The indictment initially charged conspiracy to deal in both cocaine powder and crack cocaine. During the trial, at the district court's insistence that it select either cocaine powder or crack cocaine, the government elected to prove a conspiracy involving cocaine. The evidence at trial showed that Simon and co-defendant Albert Pointdujour began bringing cocaine powder from New York to Thomasville, North Carolina, in late 1989 and continued doing so until the summer of 1990, when they began to obtain cocaine through Napoleon Donat, Pointdujour's cousin in Miami. Two to three ounces of each shipment they obtained during this period was cooked into crack cocaine for sale. In August 1990, both Simon and Pointdujour left North Carolina. Simon later resumed sales of drugs in North Carolina; Pointdujour began a new drug operation in South Carolina under an alias. The calculation of Simon's base offense level was based, without objection, on the amounts of crack proved at his sentencing.


On appeal, Simon contends for the first time that the district court erred in considering the amounts of crack cocaine for sentencing purposes when crack was not charged in the indictment. Because in sentencing the defendant the district court is required to take into account all acts which occurred during the commission of the offense, United States Sentencing Commission, Guidelines Manual, Sec. 1B1.3(a)(1)


(Nov. 1991), and the conversion of cocaine powder to crack was part of the offense, we find no plain error.*


Simon also argues that the district court clearly erred in attributing to him three packages of cocaine which were sent by Donat via Federal Express to Debra Allen's address in Thomasville during the summer of 1990. Simon maintains that by the summer of 1990, he and Pointdujour had gone separate ways after a disagreement, and that as a result these deliveries were solely attributable to Pointdujour. Although the government had no direct evidence that Simon received cocaine from the Federal Express deliveries, it did present evidence during trial and at the sentencing hearing that Simon had used an alias to wire money to Donat in Miami ten times during the summer of 1990, and that, even after their falling out, both Pointdujour and Simon continued to sell cocaine in Thomasville through the mid August of 1990. When a Federal Express package containing cocaine was seized by authorities on August 15, both Simon and Pointdujour immediately left the state.
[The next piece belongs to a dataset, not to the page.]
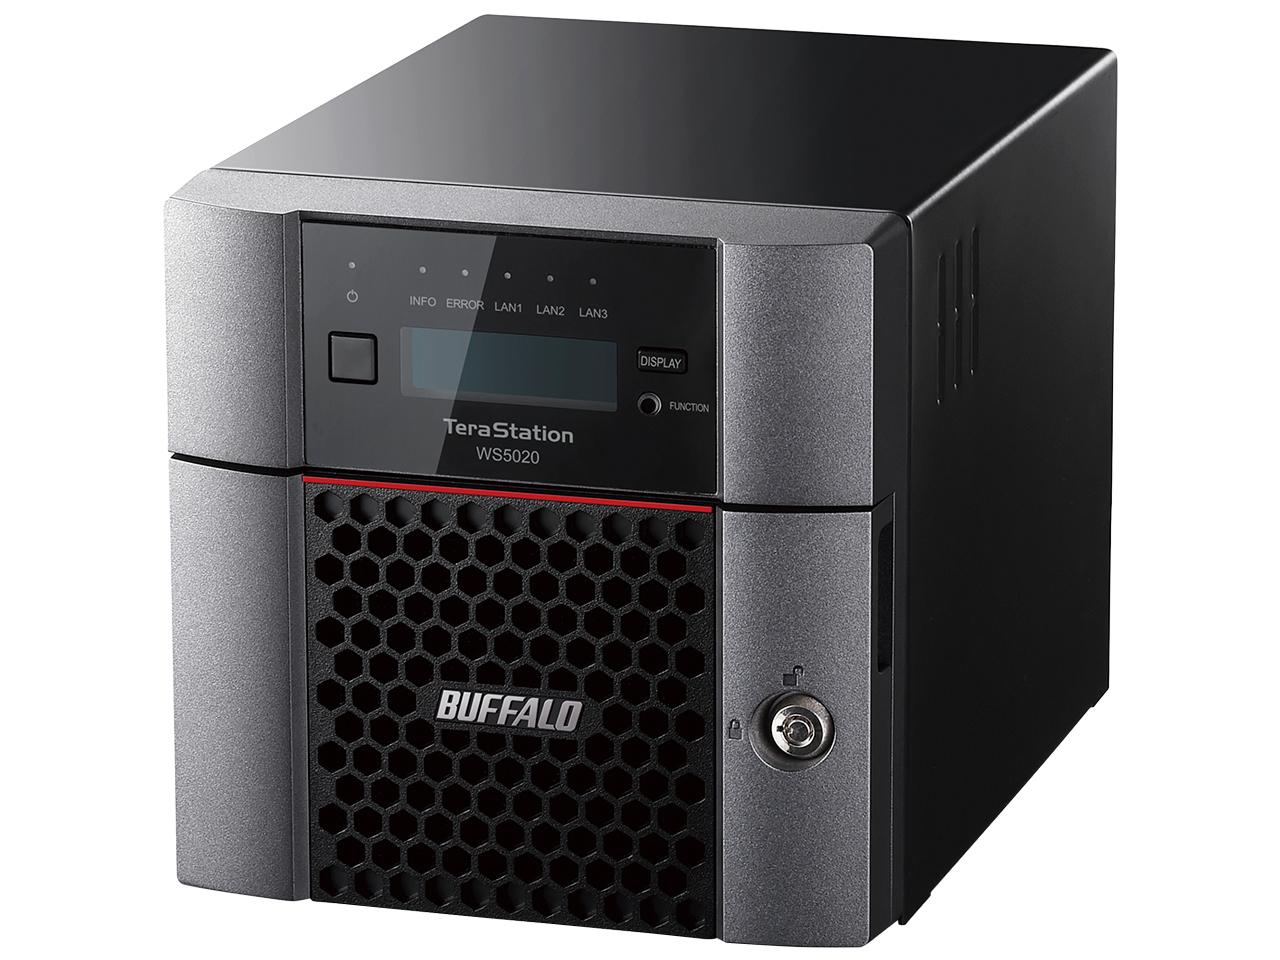 Windows@Server@IoT@2019@for@Storage@Workgroup@Editionځ@2xCfXNgbvNAS@2TB  WS5220DN02W9 1 BUFFALO obt@[

Drug amounts distributed by co-conspirators are attributable to the defendant if they are reasonably foreseeable to him. United States v. Campbell, 935 F.2d 39 (4th Cir.), cert. denied, 60 U.S.L.W. 3309 (U.S. 1991). On the record before us, which indicates that Simon had not withdrawn from the conspiracy in the summer of 1990, we must conclude that the district court did not err in attributing to Simon the packages sent by Donat to Thomasville during that summer. Simon failed to show that he had withdrawn from the conspiracy and that the cocaine sent by Donat to North Carolina had no connection to him, as was his burden. United States v. Terry, 916 F.2d 157 (4th Cir. 1990).


The judgment of the district court is therefore affirmed. We dispense with oral argument because the facts and legal contentions are adequately presented in the materials before the Court and argument would not aid the decisional process.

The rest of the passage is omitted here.